我没有测试过这个，也不准备去测试。它的内存占用是O(N)，时间复杂度是O(N)。

#include <vector>
#include <utility>
#include <algorithm>

using namespace std;


/*
 * The idea is as follows:
 * 1.) Create a mathematical set A that holds integers.
 * 2.) Initialize importantBit = highest bit in any integer in v
 * 3.) Put into A all integers that have importantBit set to 1.
 * 4.) If |A| = 2, that is our answer. If |A| < 2, --importantBit and try again.
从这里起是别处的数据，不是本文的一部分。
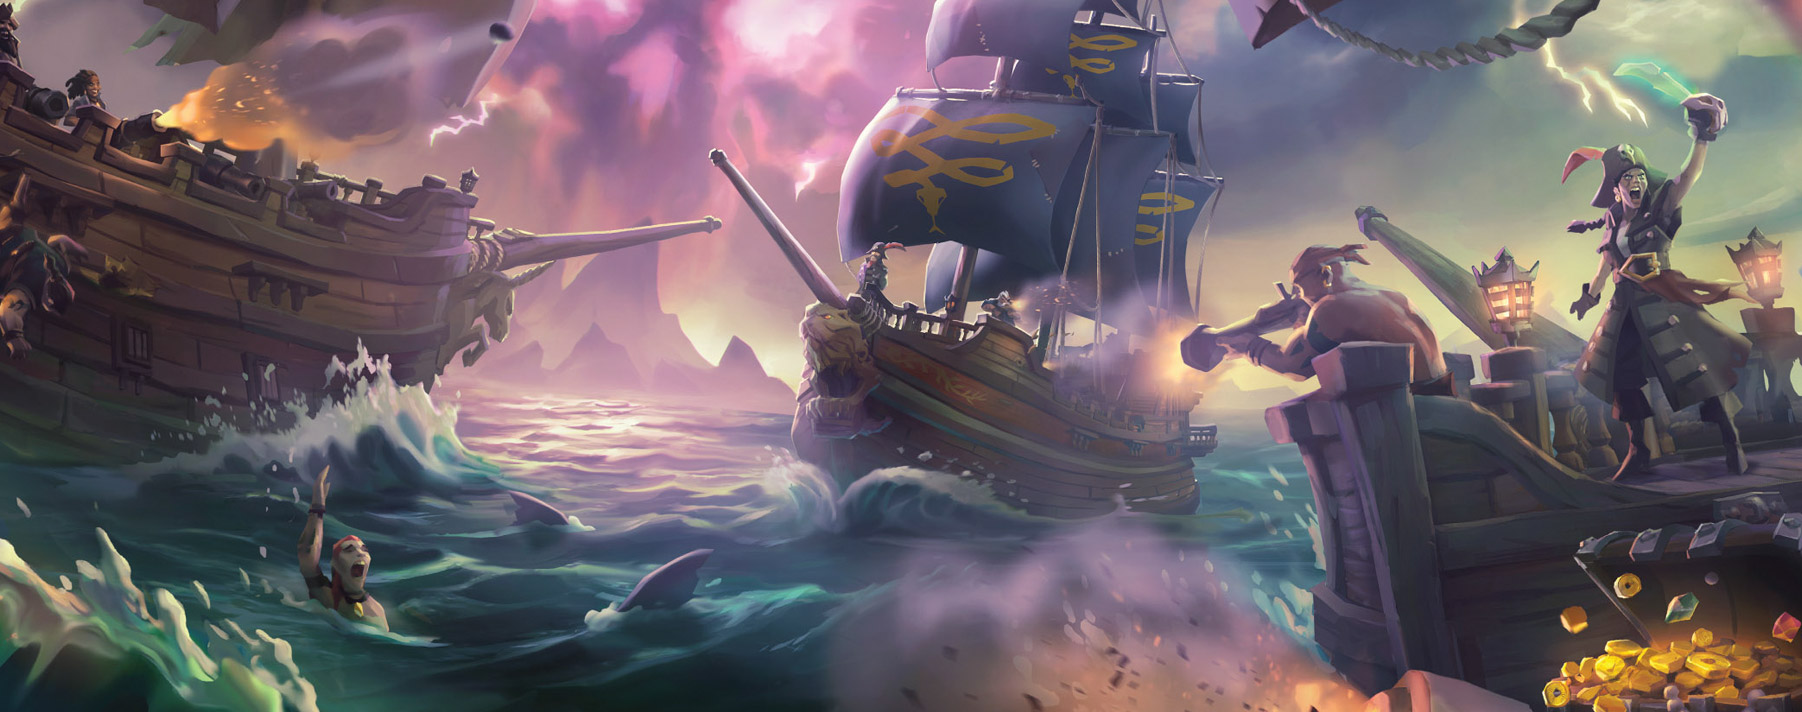 Sea of Thieves. En este juego te convertirás en un verdadero pirata junto con una comunidad en línea que busca lo mismo que tú.
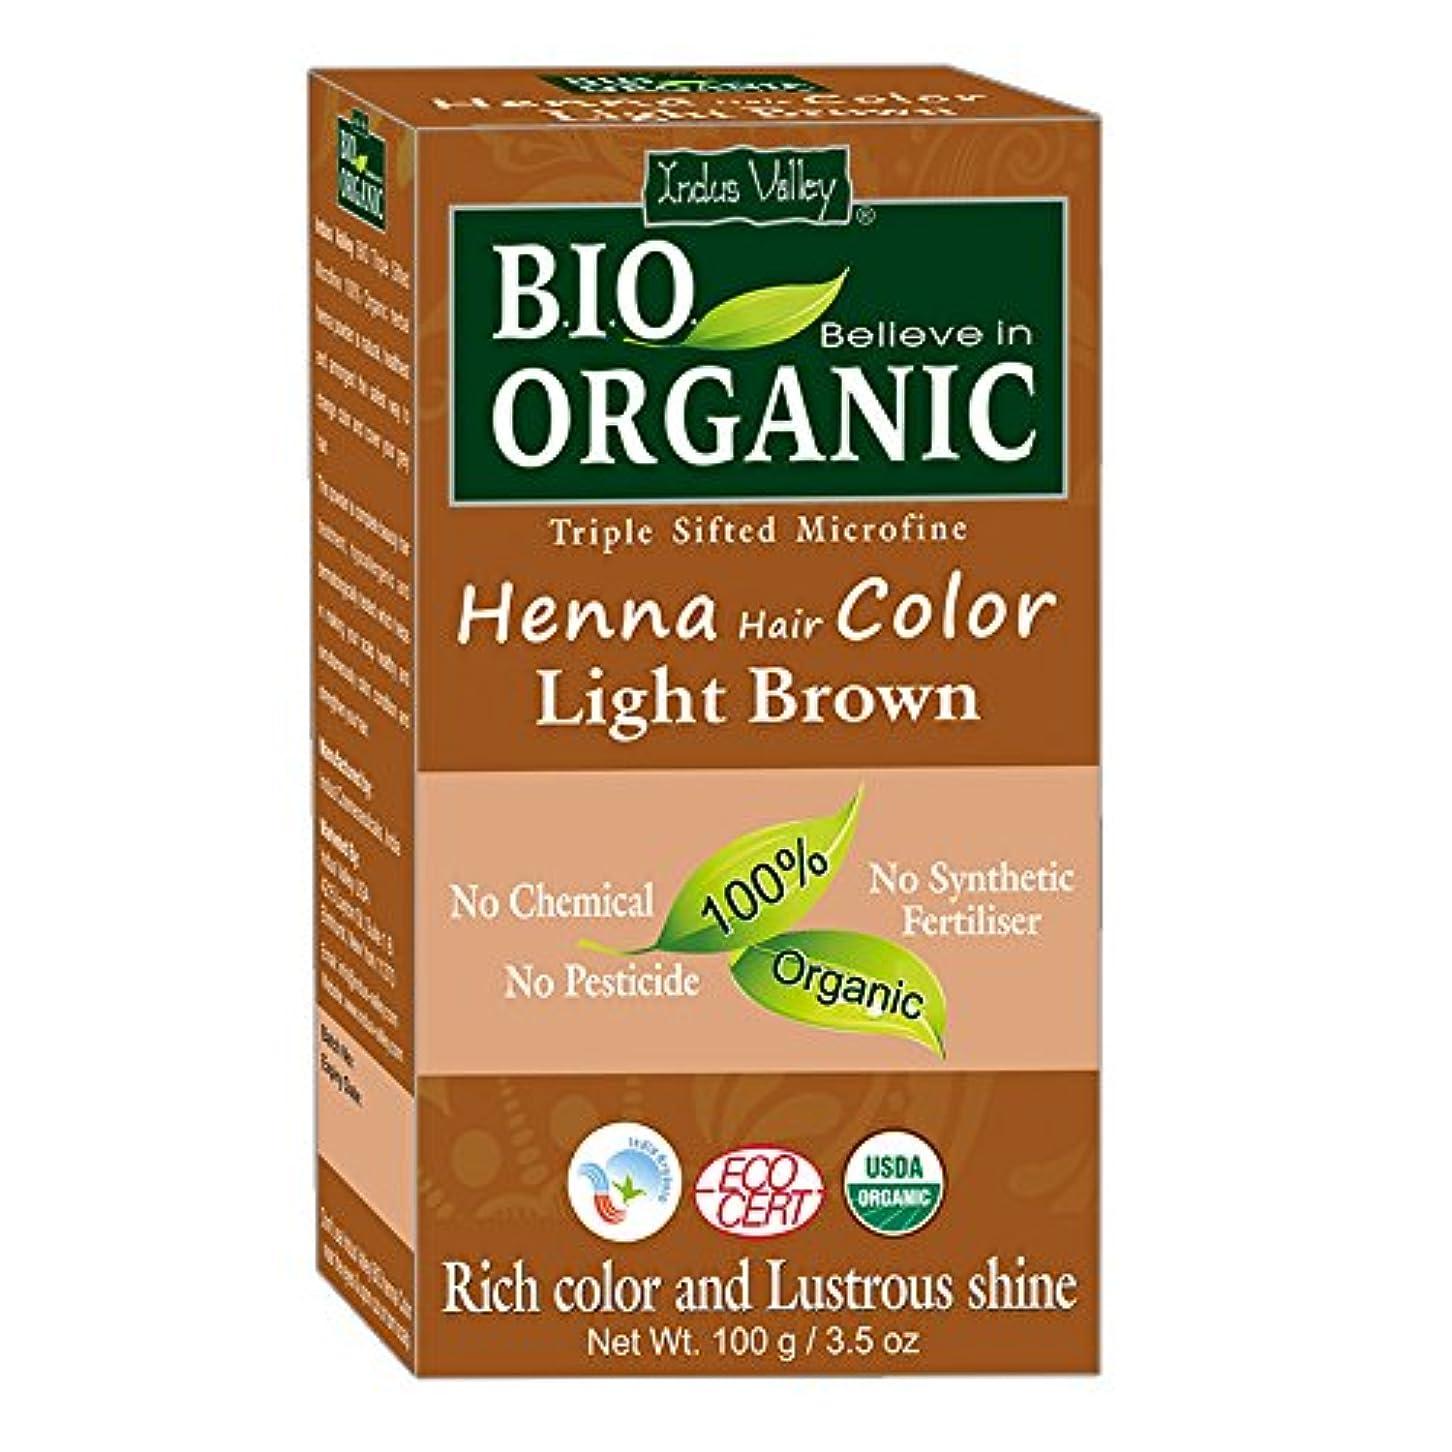 親愛な芽あなたが良くなりますヘナヘアダイ100%バイオオーガニックトリプルシフトマイクロファインパウダー(ライトブラウン)

If |A| > 2, basically
 *     redo the problem but only on the integers in set A.
 *
 * Keep "set A" at the beginning of v.
 */
pair<unsigned, unsigned> find_and_sum_pair(vector<unsigned> v)
{
    // Find highest bit in v.
    int importantBit = 0;
    for(auto num : v)
        importantBit = max(importantBit, highest_bit_index(num));

    // Move all elements with imortantBit to front of vector until doing so gives us at least 2 in the set.
    int setEnd;
    while((setEnd = partial_sort_for_bit(v, importantBit, v.size())) < 2 && importantBit > 0)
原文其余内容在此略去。